# EXERCISE DIRECTIONS
Leave the images aside and repeat the whole listing exactly.

# SOURCE MATERIAL
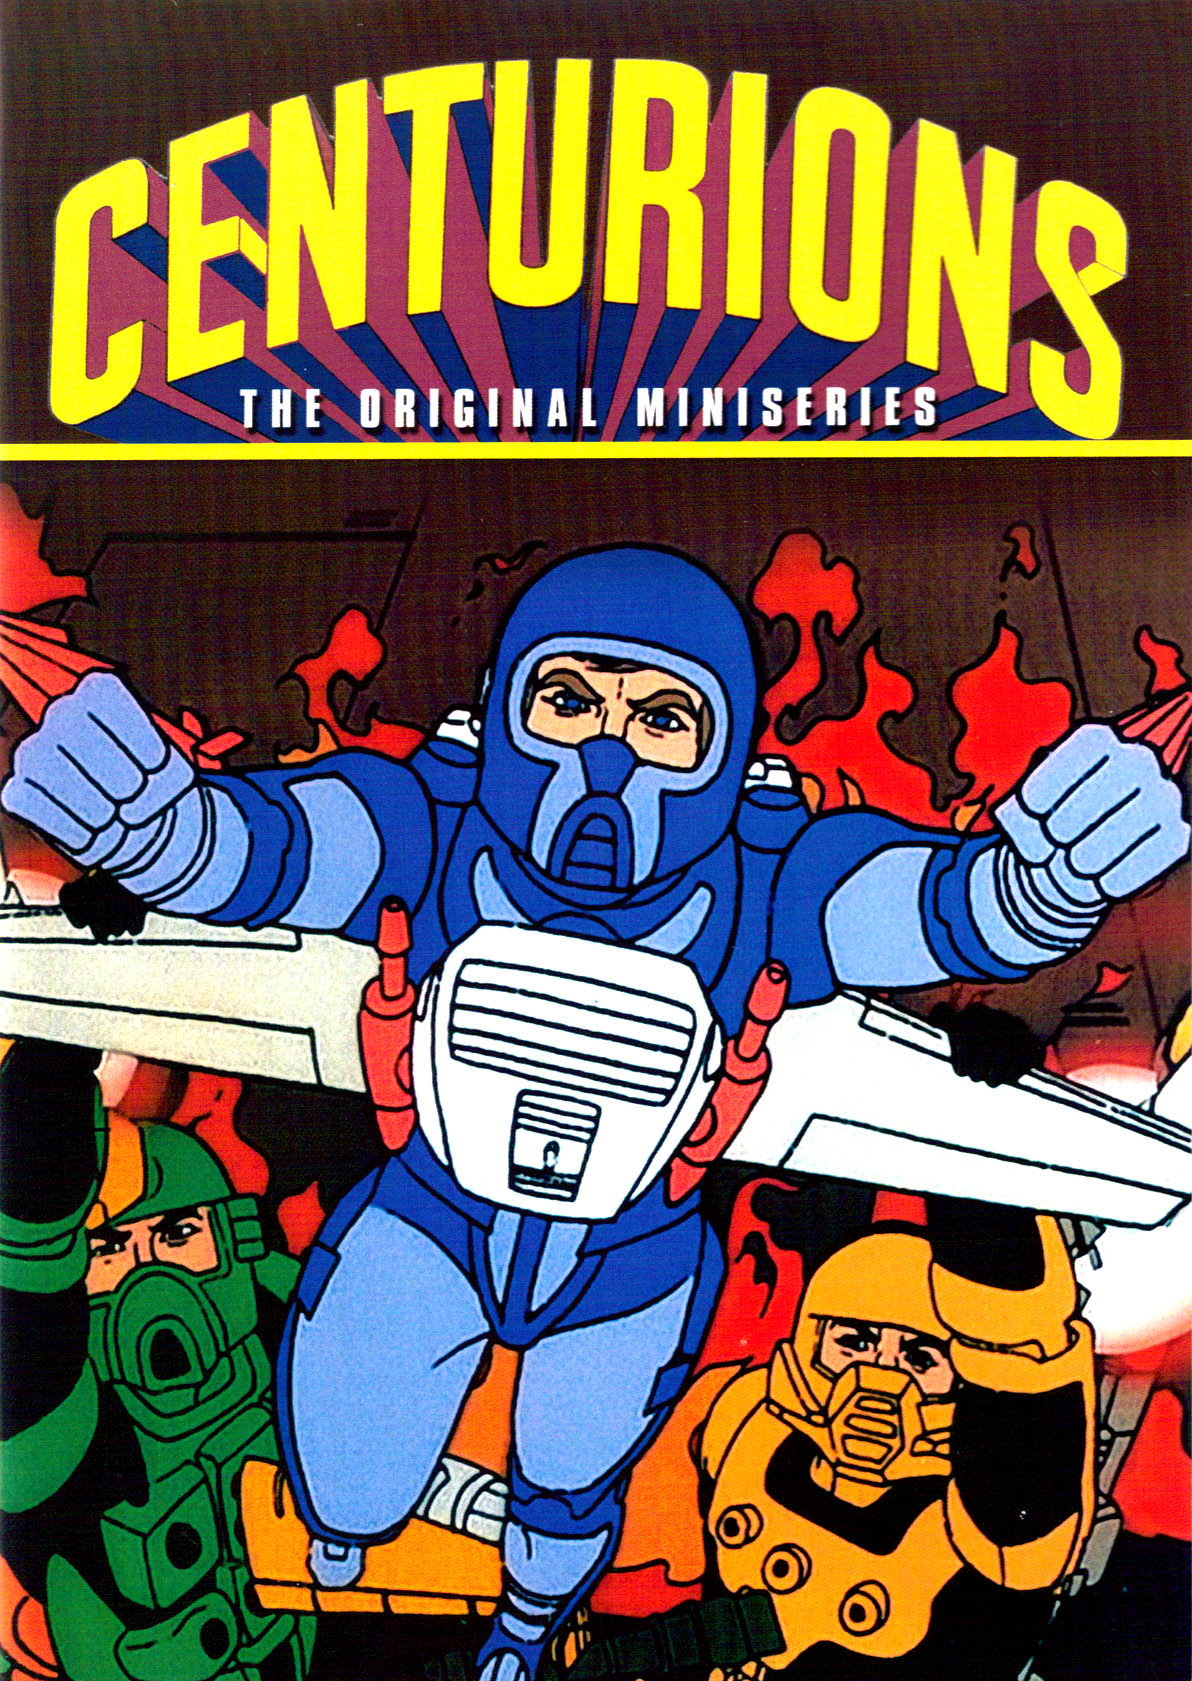 The Centurions is a 90s cartoon show
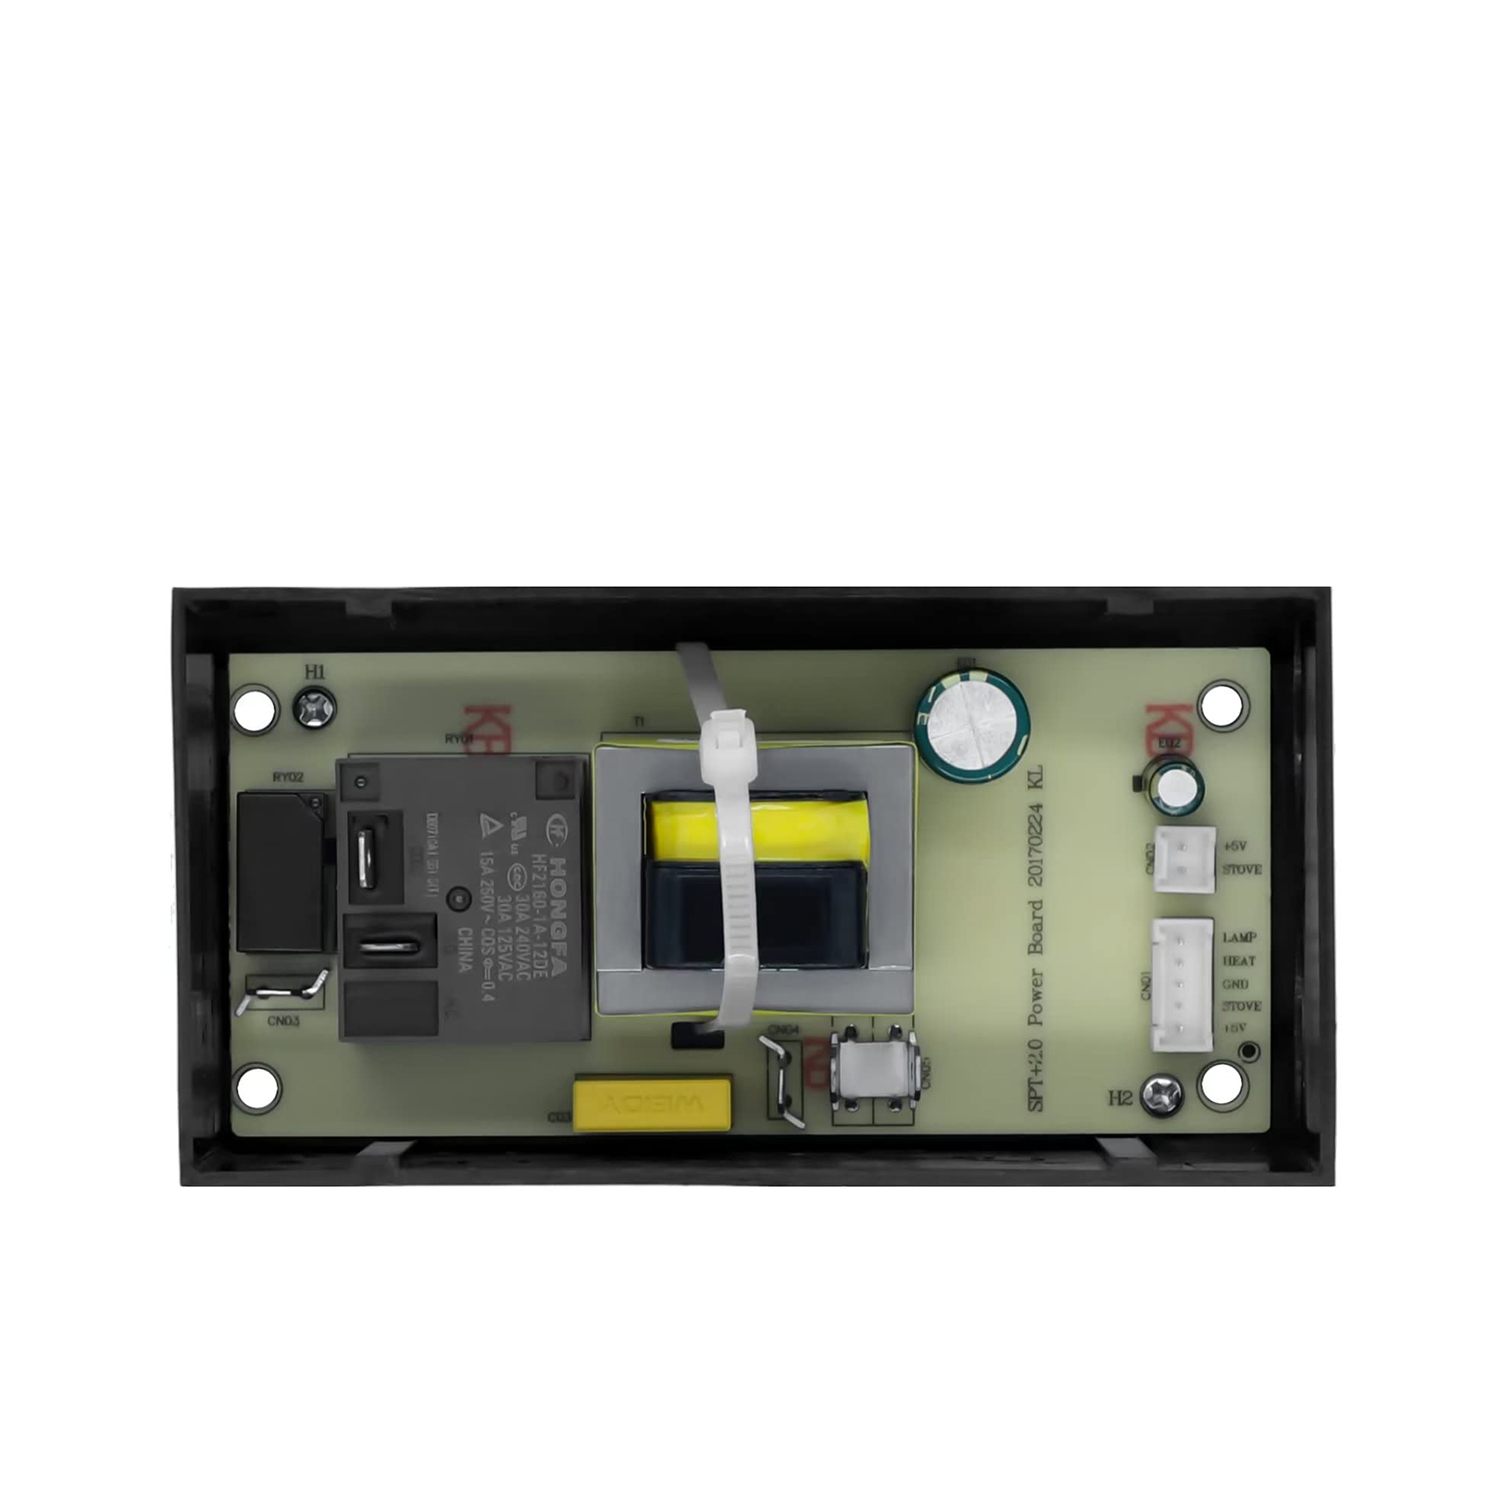 Part 9907170005, Power Circuit Board Kit for Masterbuilt Electric Smok
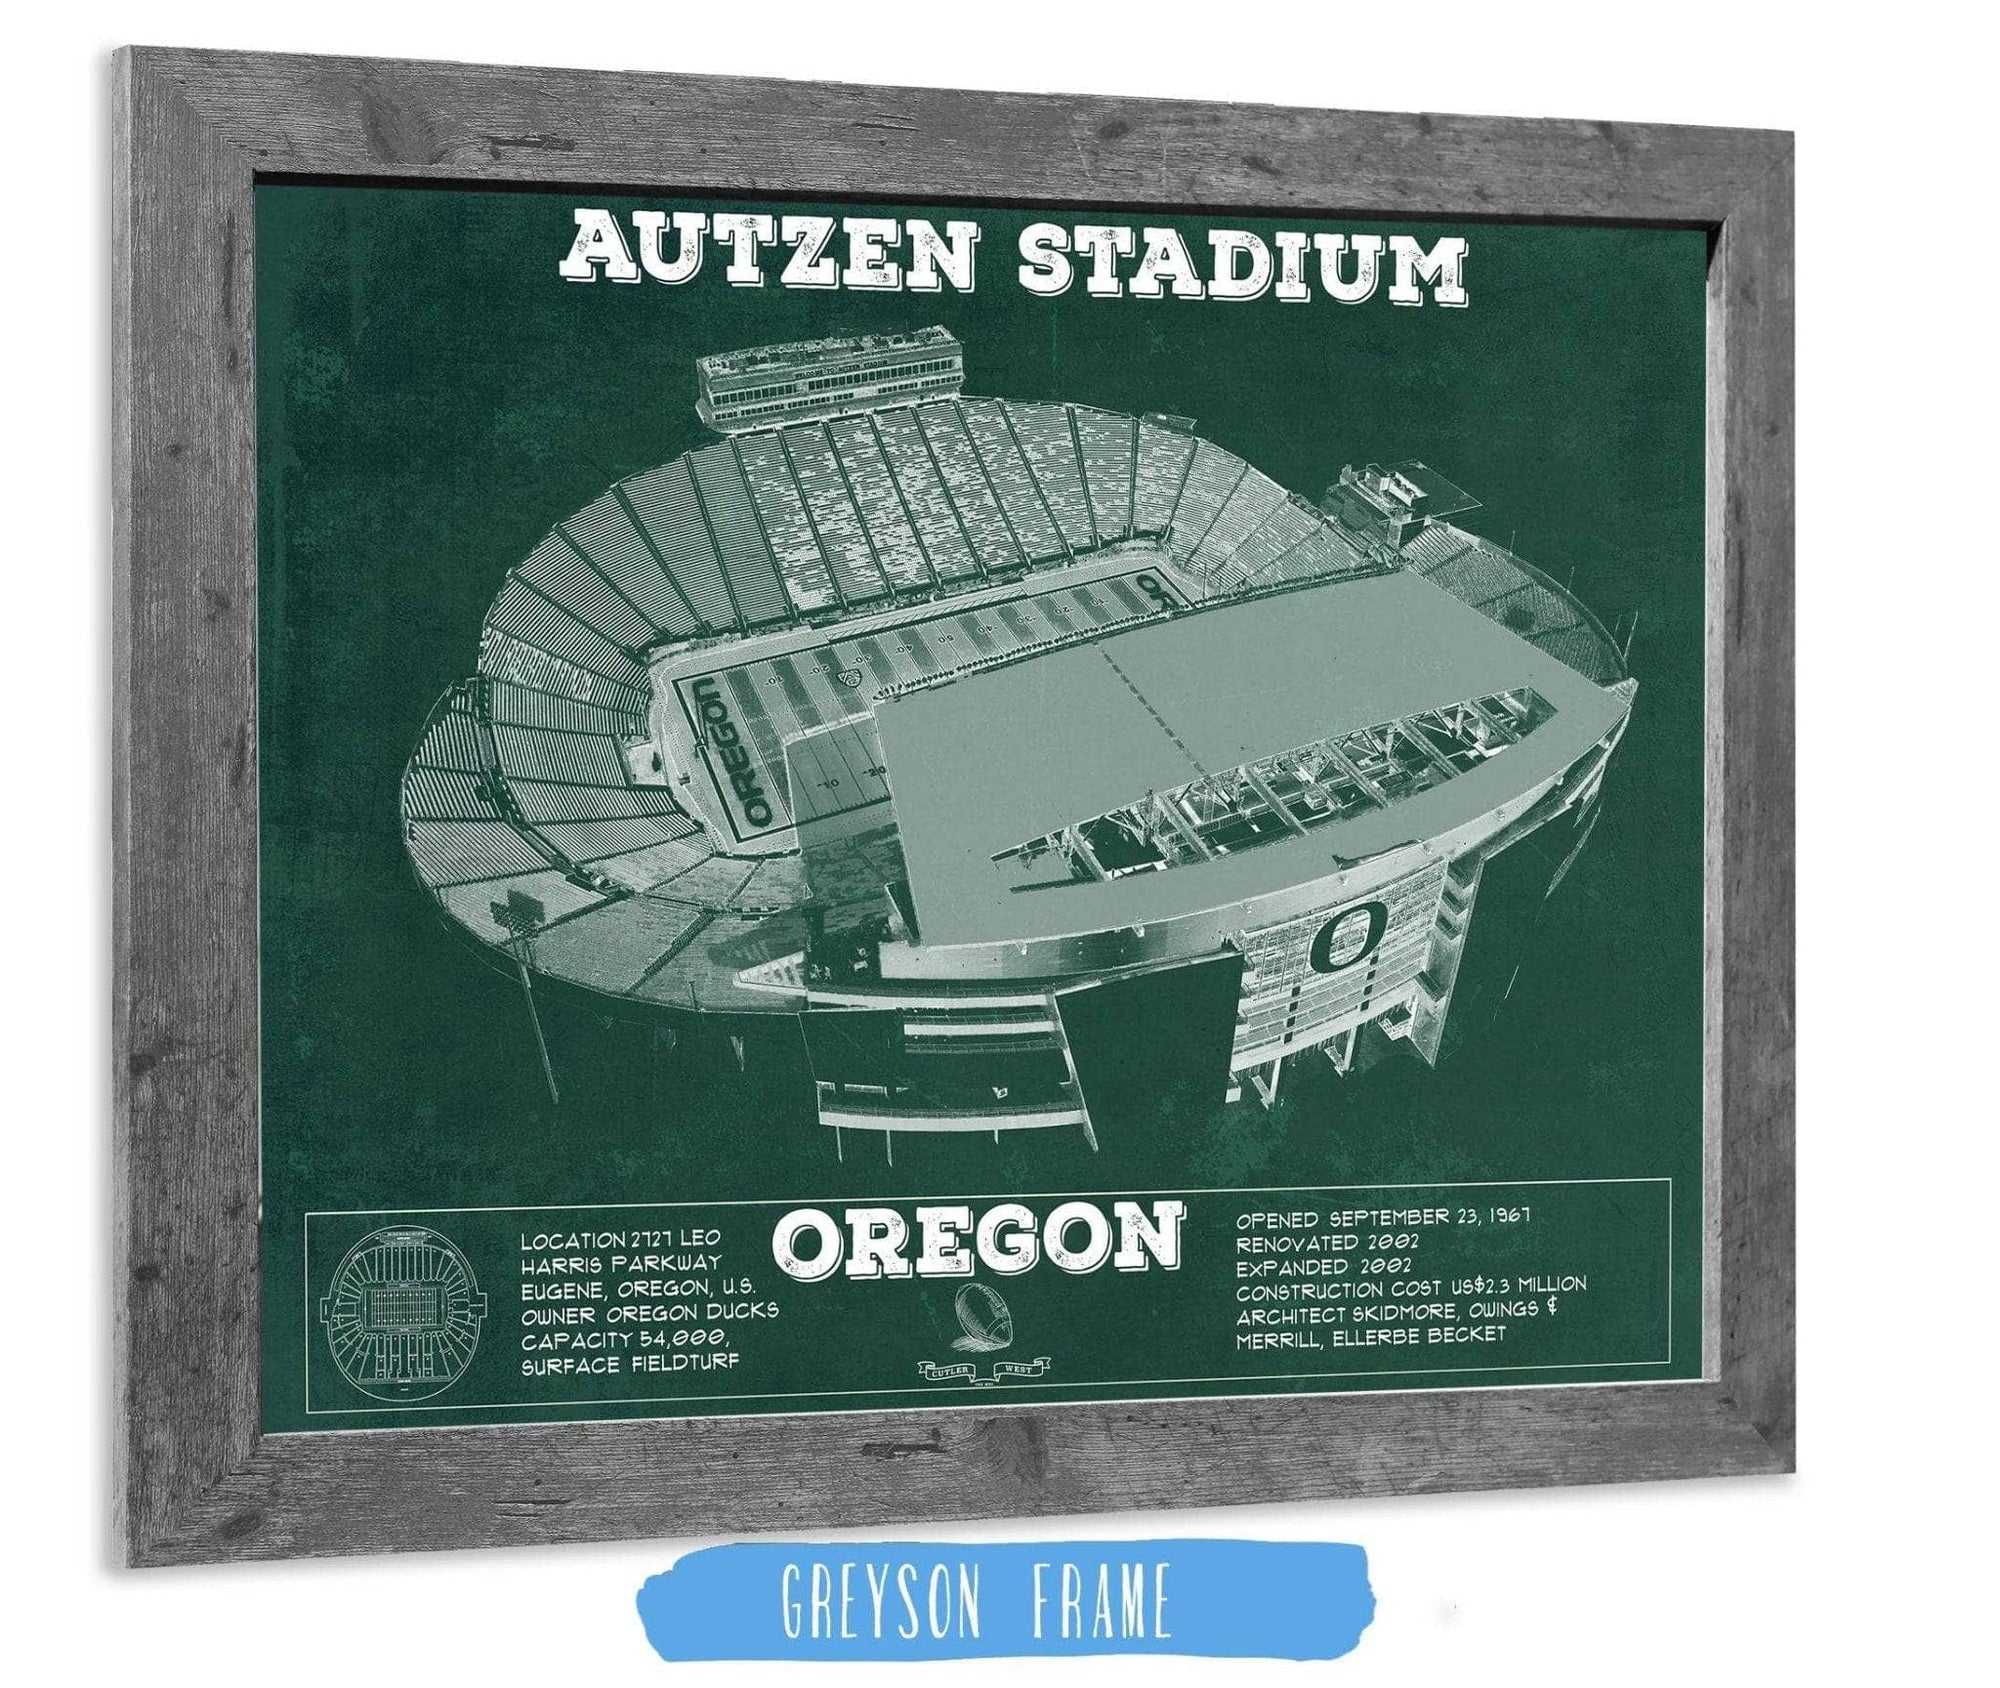 Cutler West College Football Collection 14" x 11" / Greyson Frame Vintage Autzen Stadium - Oregon Ducks Football Print 718616953-14"-x-11"35742

# OUTPUT
 The Centurions is a 90s cartoon show
 Part 9907170005, Power Circuit Board Kit for Masterbuilt Electric Smok
 Cutler West College Football Collection 14" x 11" / Greyson Frame Vintage Autzen Stadium - Oregon Ducks Football Print 718616953-14"-x-11"35742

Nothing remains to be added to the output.